Second, the dividend record. MRC has a long progressive dividend history, supported by Revenue reserves. Board commentary at interim and full-year results is essential to track dividend cover and policy.
Third, sector positioning. As an active UK mid- and small-cap trust, MRC’s relative performance depends heavily on sector tilts. Monthly factsheets and the Annual Report are the primary sources for understanding portfolio exposure.
How a Transaction in Own Shares works (definition and mechanics)
Transaction in Own Shares is the standard regulatory headline used in the UK when a listed issuer repurchases its own ordinary shares. The trade is executed by an appointed broker, usually within tight daily Volume and price limits set by the issuer’s formal mandate. Each trading day on which any shares are bought back triggers a same-day or next-day RNS disclosure.

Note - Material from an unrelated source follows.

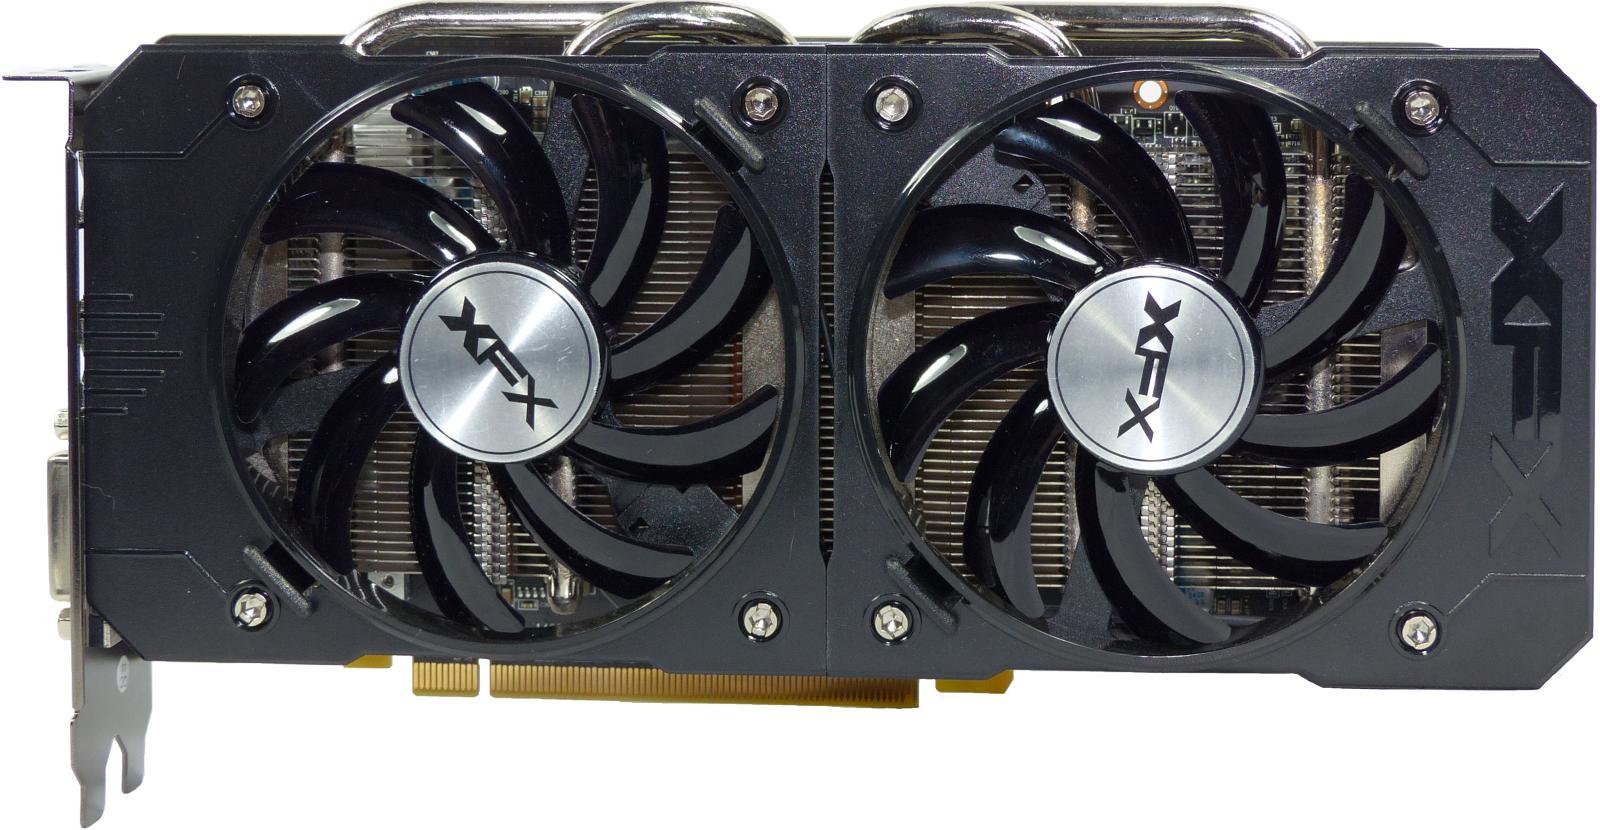 XFX Radeon R9 380 Double Dissipation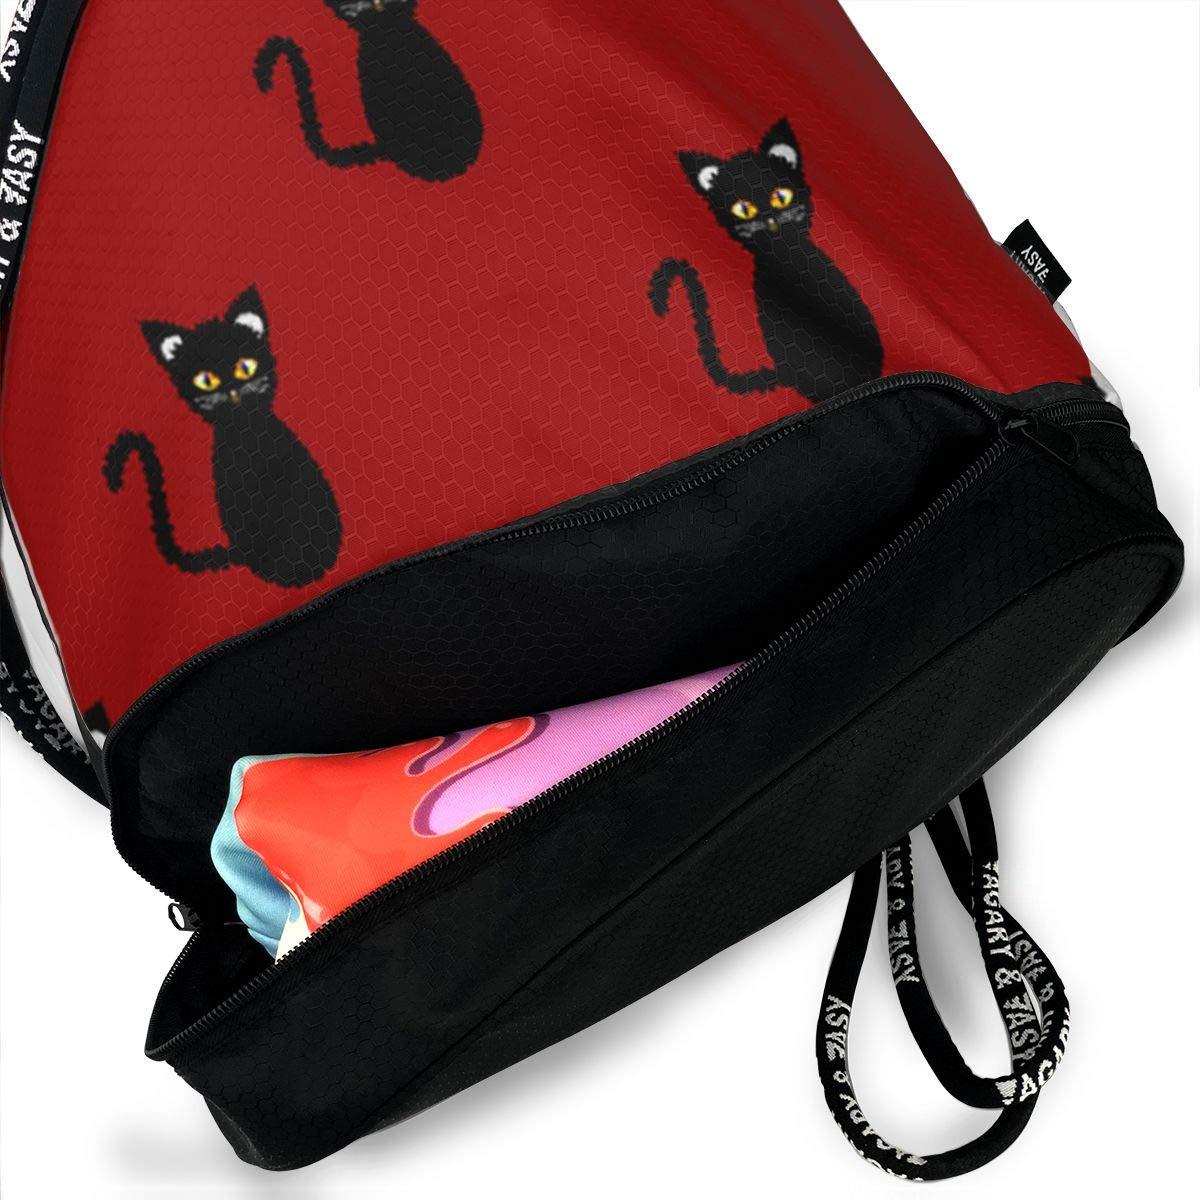 f056befd1dea Amazon.com: HUOPR5Q Black-cat Drawstring Backpack Sport Gym Sack ...

Repurchased shares can either be cancelled — reducing total issued share capital — or held in treasury, where they sit dormant and do not carry voting rights or dividend entitlements until they are reissued or cancelled. For investment trusts such as Mercantile Investment Trust PLC, the choice is typically governed by the published discount-management policy.
Buybacks executed at a discount to net asset value are mechanically accretive to NAV per share for remaining holders, which is one of the most cited reasons that boards of UK investment trusts authorise them. For operating companies, the same logic applies in Earnings-per-share terms: a smaller share count divides Cash Flow and profits among fewer holders. UK rules require all such trades to be disclosed promptly via the London Stock Exchange regulatory news service, which is why investors see a steady stream of these RNS filings during any active buyback programme.
Glossary: key terms in this RNS announcement
RNS announcement
A regulatory news (RNS) announcement is a formal disclosure distributed via the London Stock Exchange’s primary information provider service. Listed issuers use RNS — and, in some cases, the PRN service — to publish price-sensitive and regulated information to the market simultaneously, in line with UK Listing Rules and the FCA’s Disclosure Guidance and Transparency Rules.
FTSE 250
The FTSE 250 is the index of the next 250 largest UK-listed companies by Market Capitalisation, sitting just below the FTSE 100. It is reviewed quarterly by FTSE Russell and is widely used as a benchmark for UK mid-cap, investment-trust and consumer-facing companies. Mercantile Investment Trust PLC (MRC) is a constituent of this index.
Net asset value (NAV) and discount/premium
Net asset value is the per-share value of an investment company’s underlying portfolio. The share price of a closed-ended fund can trade above NAV (a premium) or below NAV (a discount). Boards typically publish a discount-management framework that uses buybacks, issuance and sometimes tender offers to keep the gap between price and NAV within defined ranges.
Bottom Line
The Mercantile Investment Trust’s 22 May 2026 Transaction in Own Shares RNS is a routine but informative filing in the broader story of UK mid-cap discount management. It reinforces the board’s long-running commitment to using buybacks to support per-share NAV.
For investors tracking the MRC share price, the more important long-term drivers remain the structural recovery of UK mid- and small-cap equities, the manager’s stock selection and the trust’s progressive dividend record. The buyback supports those drivers as part of an ongoing programme.